#### Data section ####
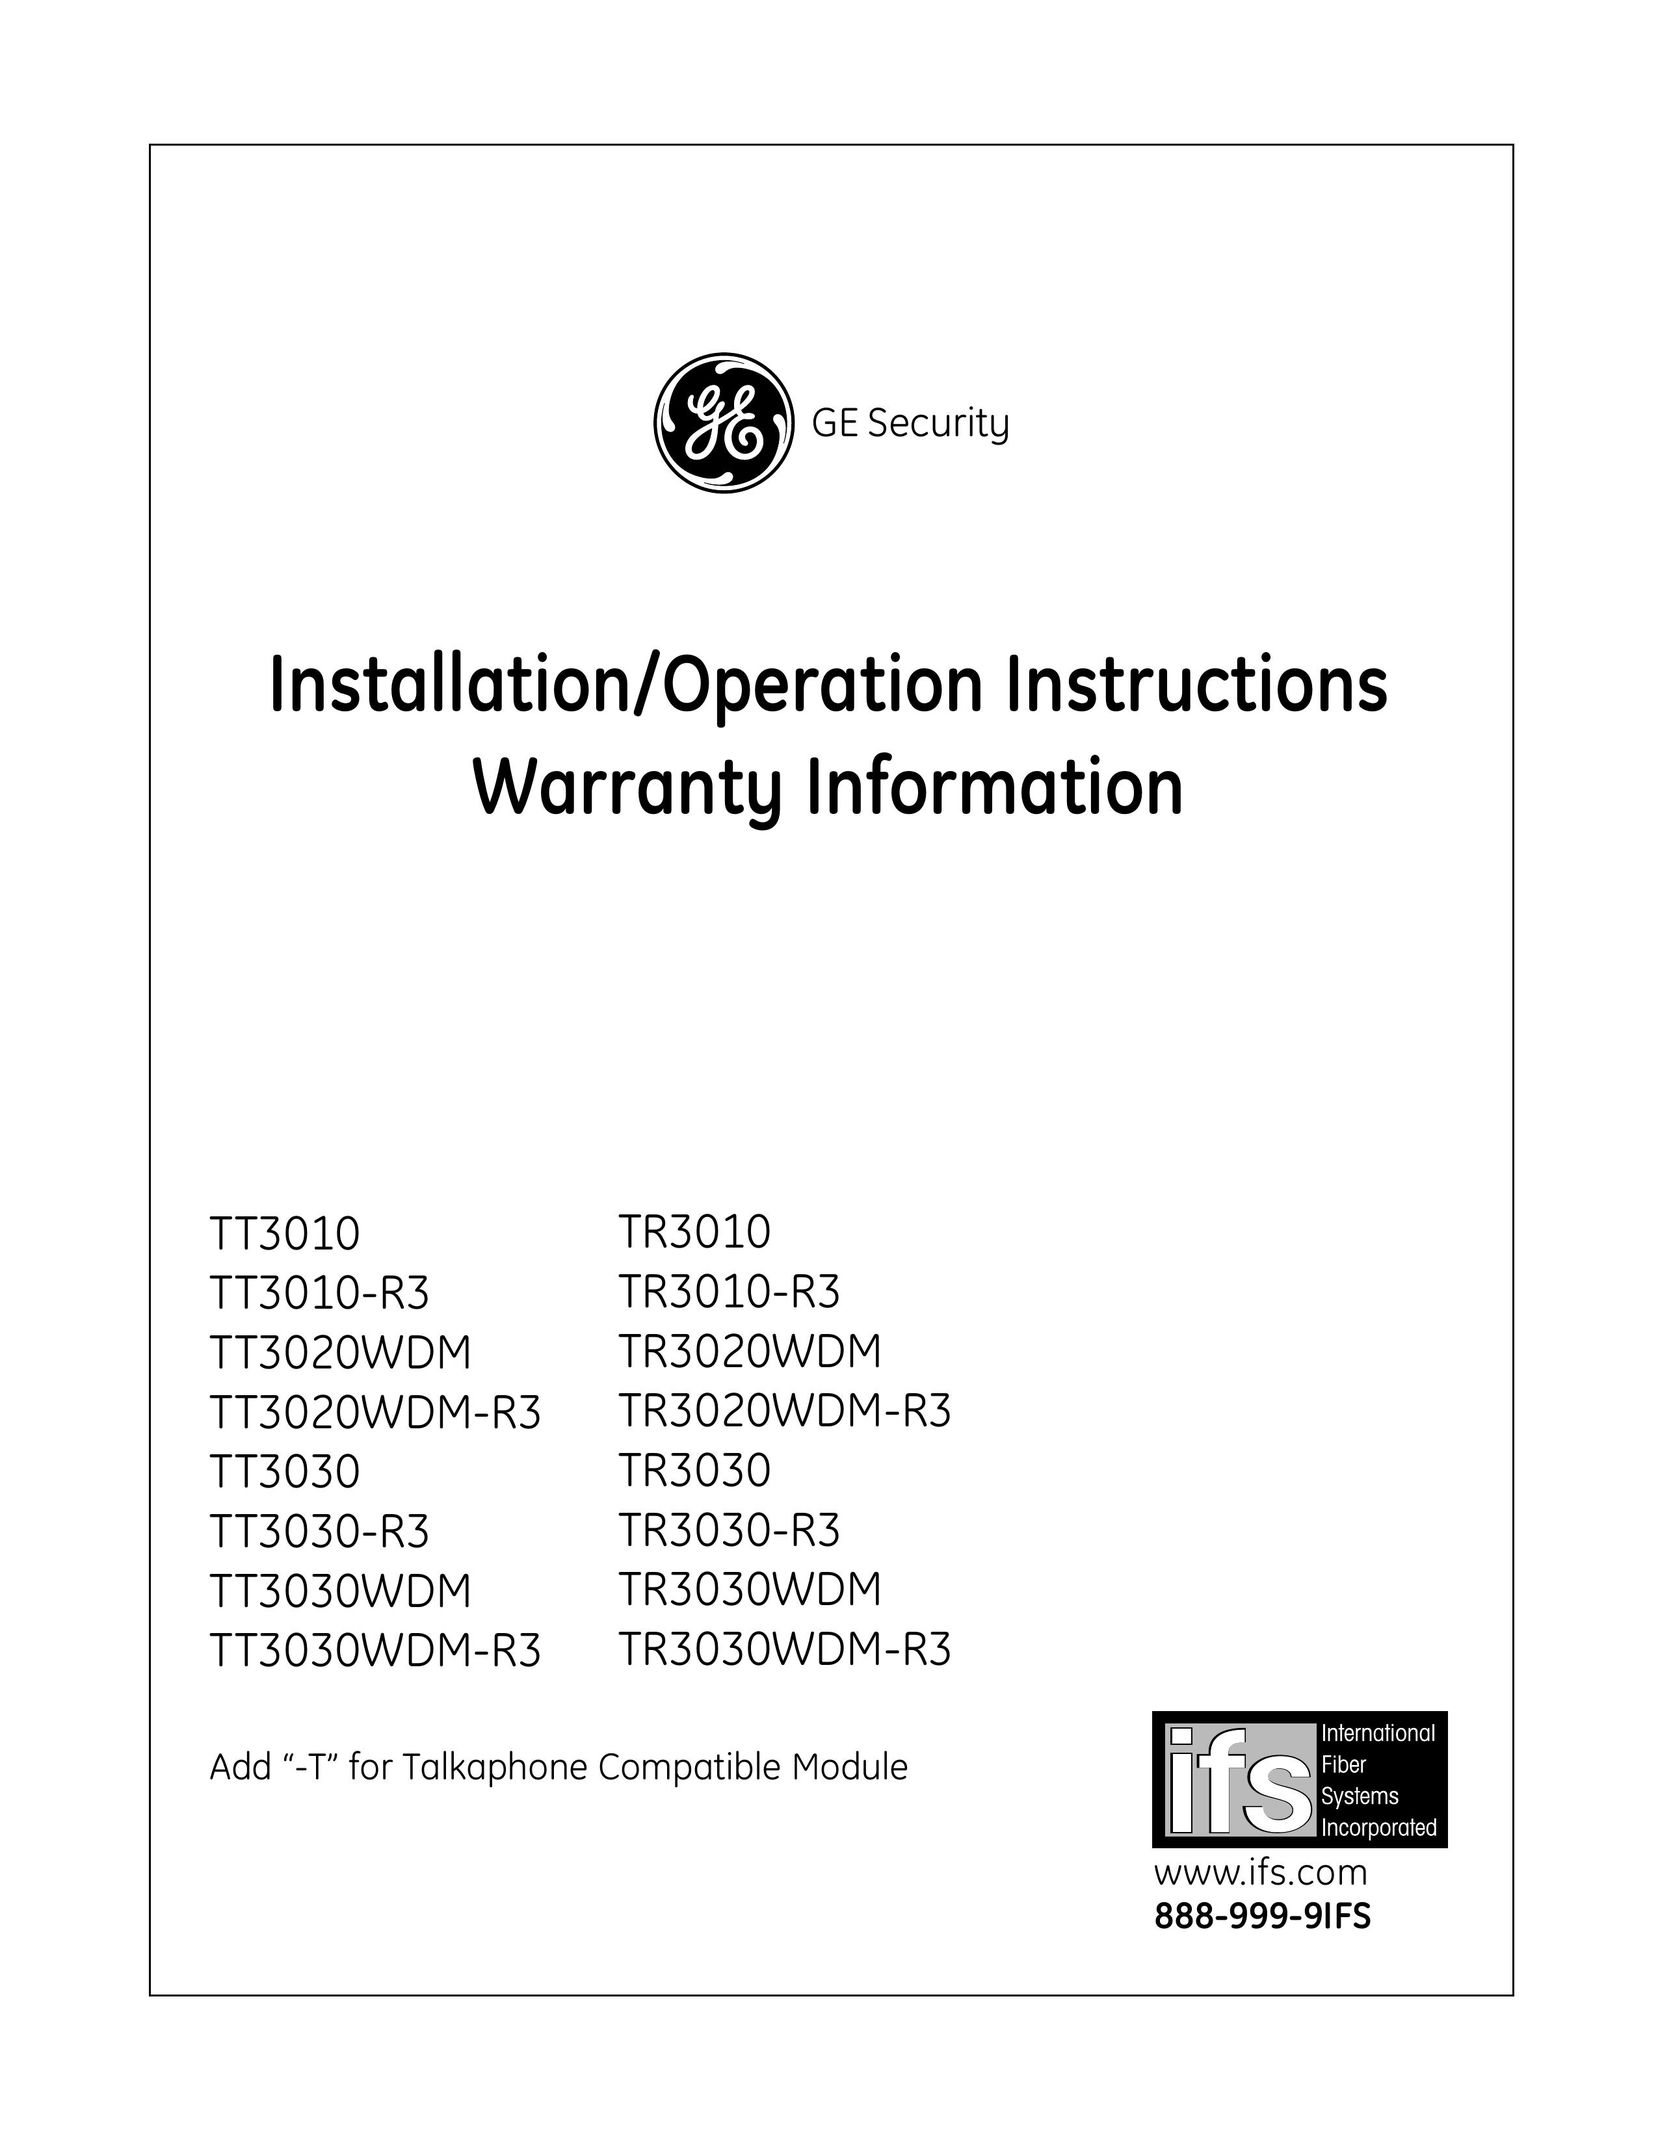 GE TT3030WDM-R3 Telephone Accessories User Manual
####
#### Data section ####
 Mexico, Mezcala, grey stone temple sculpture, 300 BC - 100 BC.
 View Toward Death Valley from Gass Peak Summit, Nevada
####
Above are the records; copy exactly the lines from the line with "Mexico, Mezcala, grey" through the line with "View Toward Death", both included.

__Answer space__
 Mexico, Mezcala, grey stone temple sculpture, 300 BC - 100 BC.
 View Toward Death Valley from Gass Peak Summit, Nevada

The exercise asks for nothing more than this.